## AIM OF THE EXERCISE
Please take the lines from the one holding "Women's low top" through the one holding "el tajin archaeological" in the data below and copy them exactly.

## INFORMATION GIVEN
"""

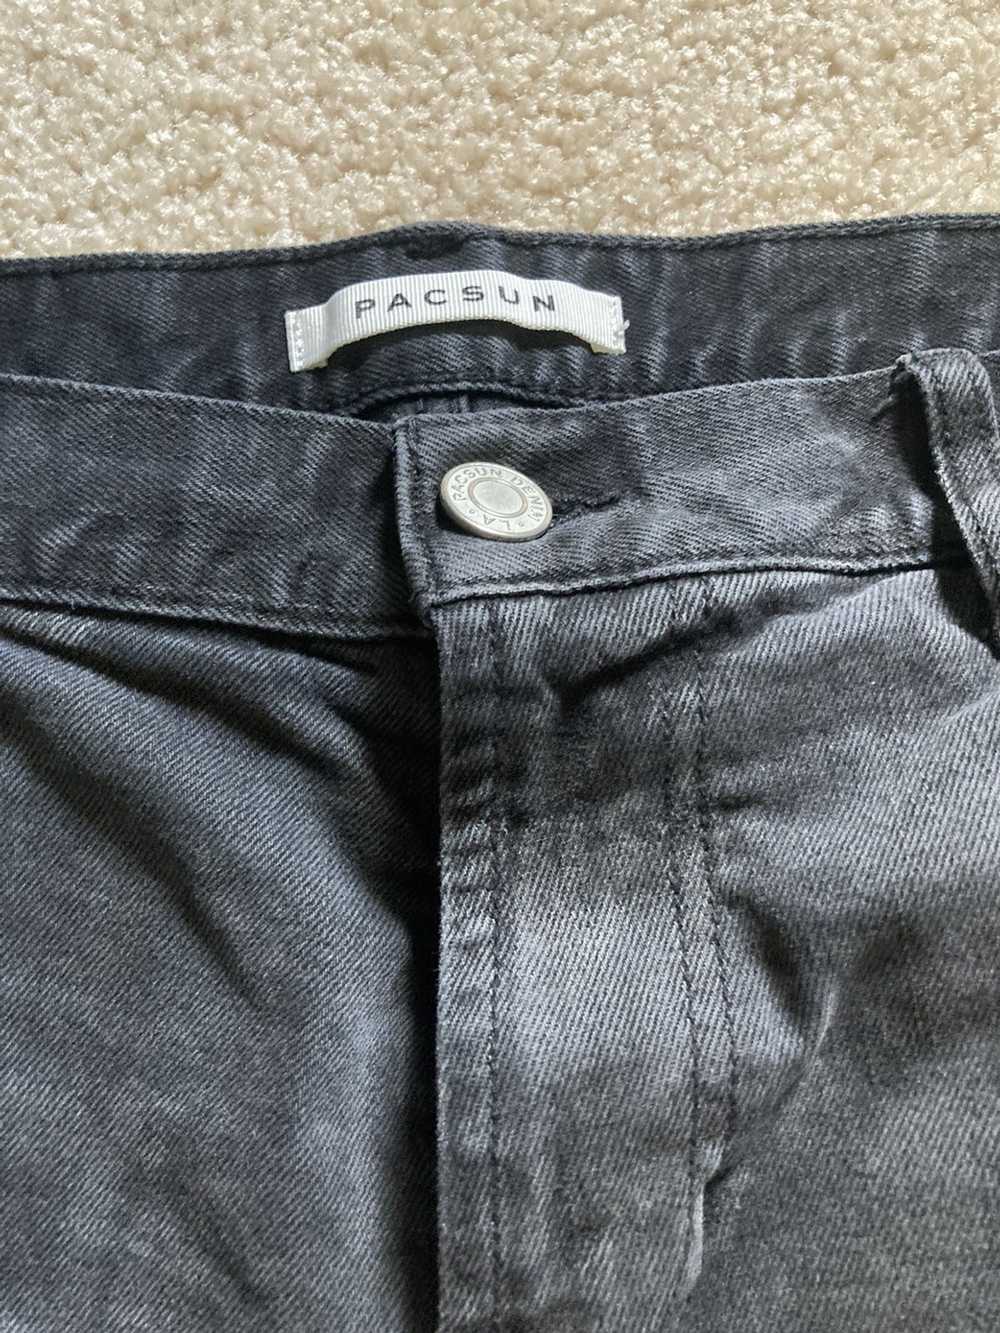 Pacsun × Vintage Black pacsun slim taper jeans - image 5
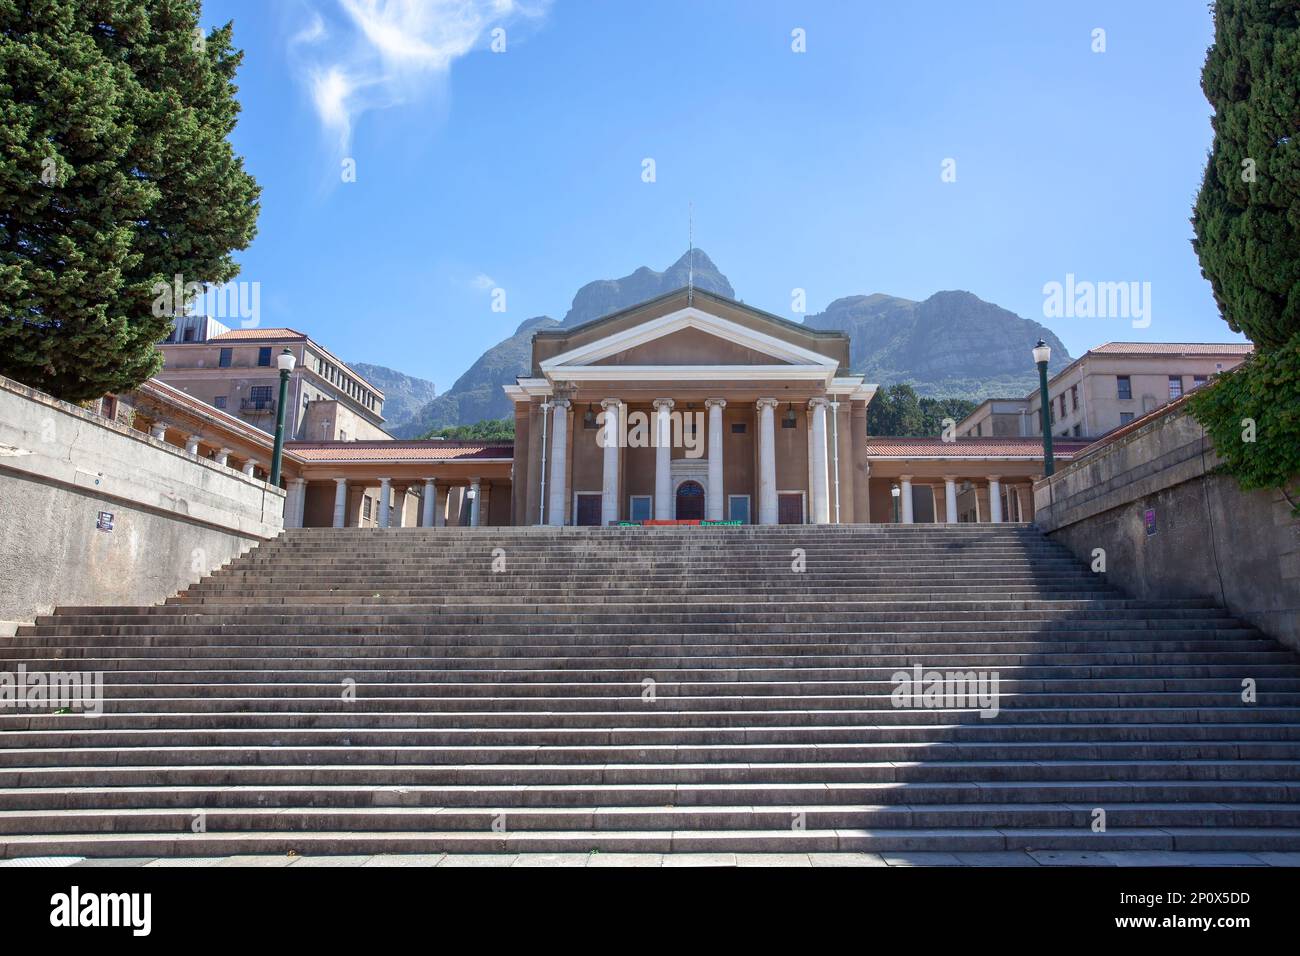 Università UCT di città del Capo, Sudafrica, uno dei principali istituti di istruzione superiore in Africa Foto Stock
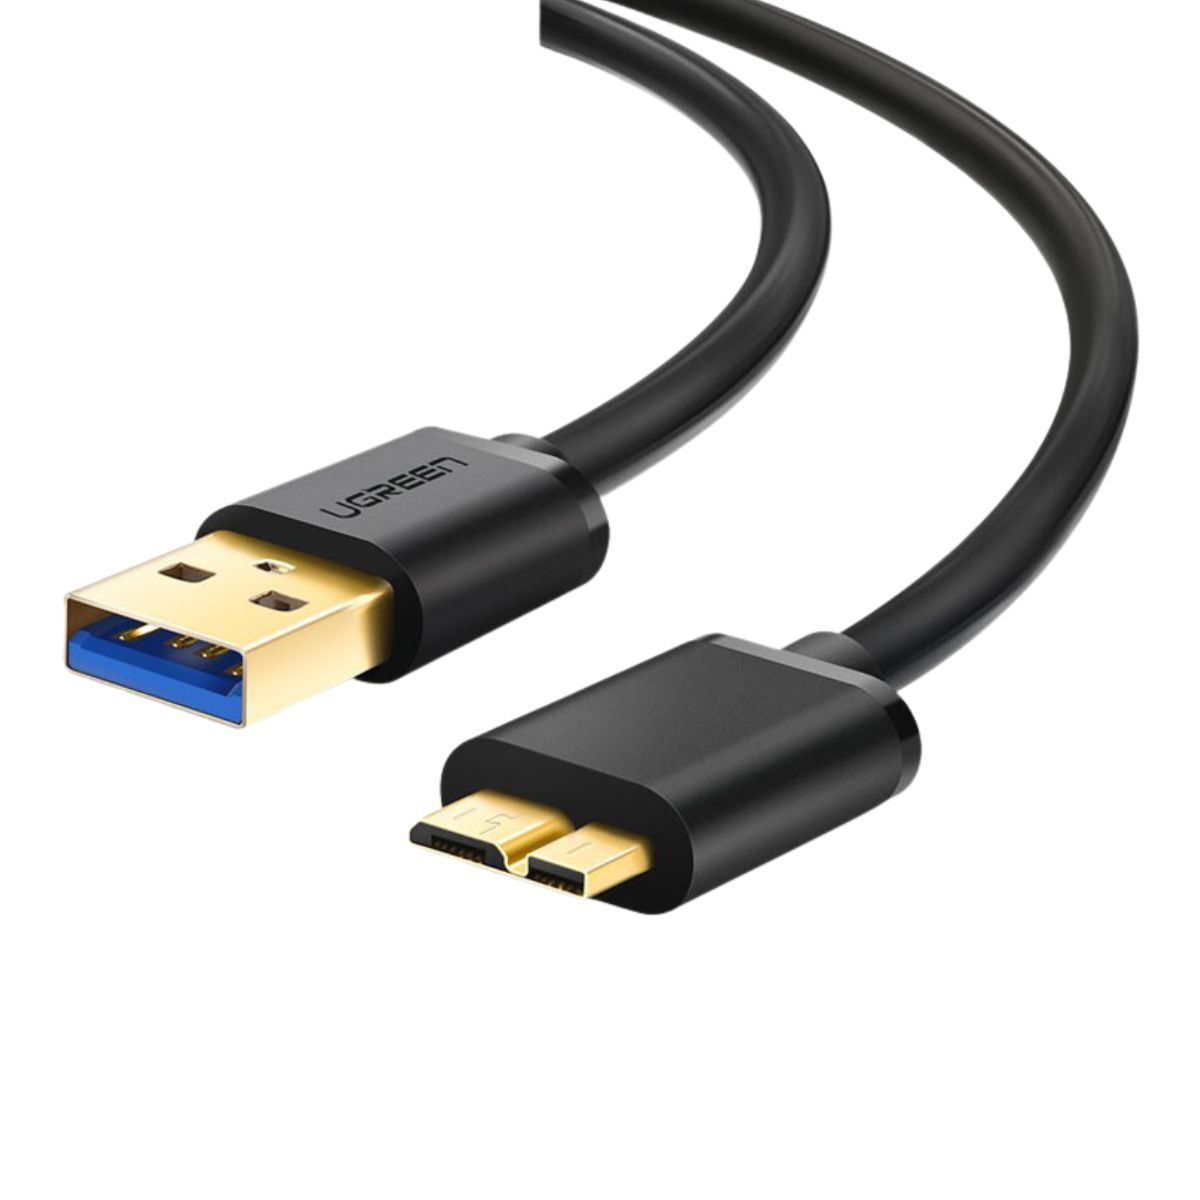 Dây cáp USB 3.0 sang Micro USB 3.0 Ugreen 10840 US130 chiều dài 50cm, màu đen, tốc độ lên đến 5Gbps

"""
"""

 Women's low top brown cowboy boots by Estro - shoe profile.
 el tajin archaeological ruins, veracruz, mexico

"""

## RESULT FOR THIS EXERCISE
 Women's low top brown cowboy boots by Estro - shoe profile.
 el tajin archaeological ruins, veracruz, mexico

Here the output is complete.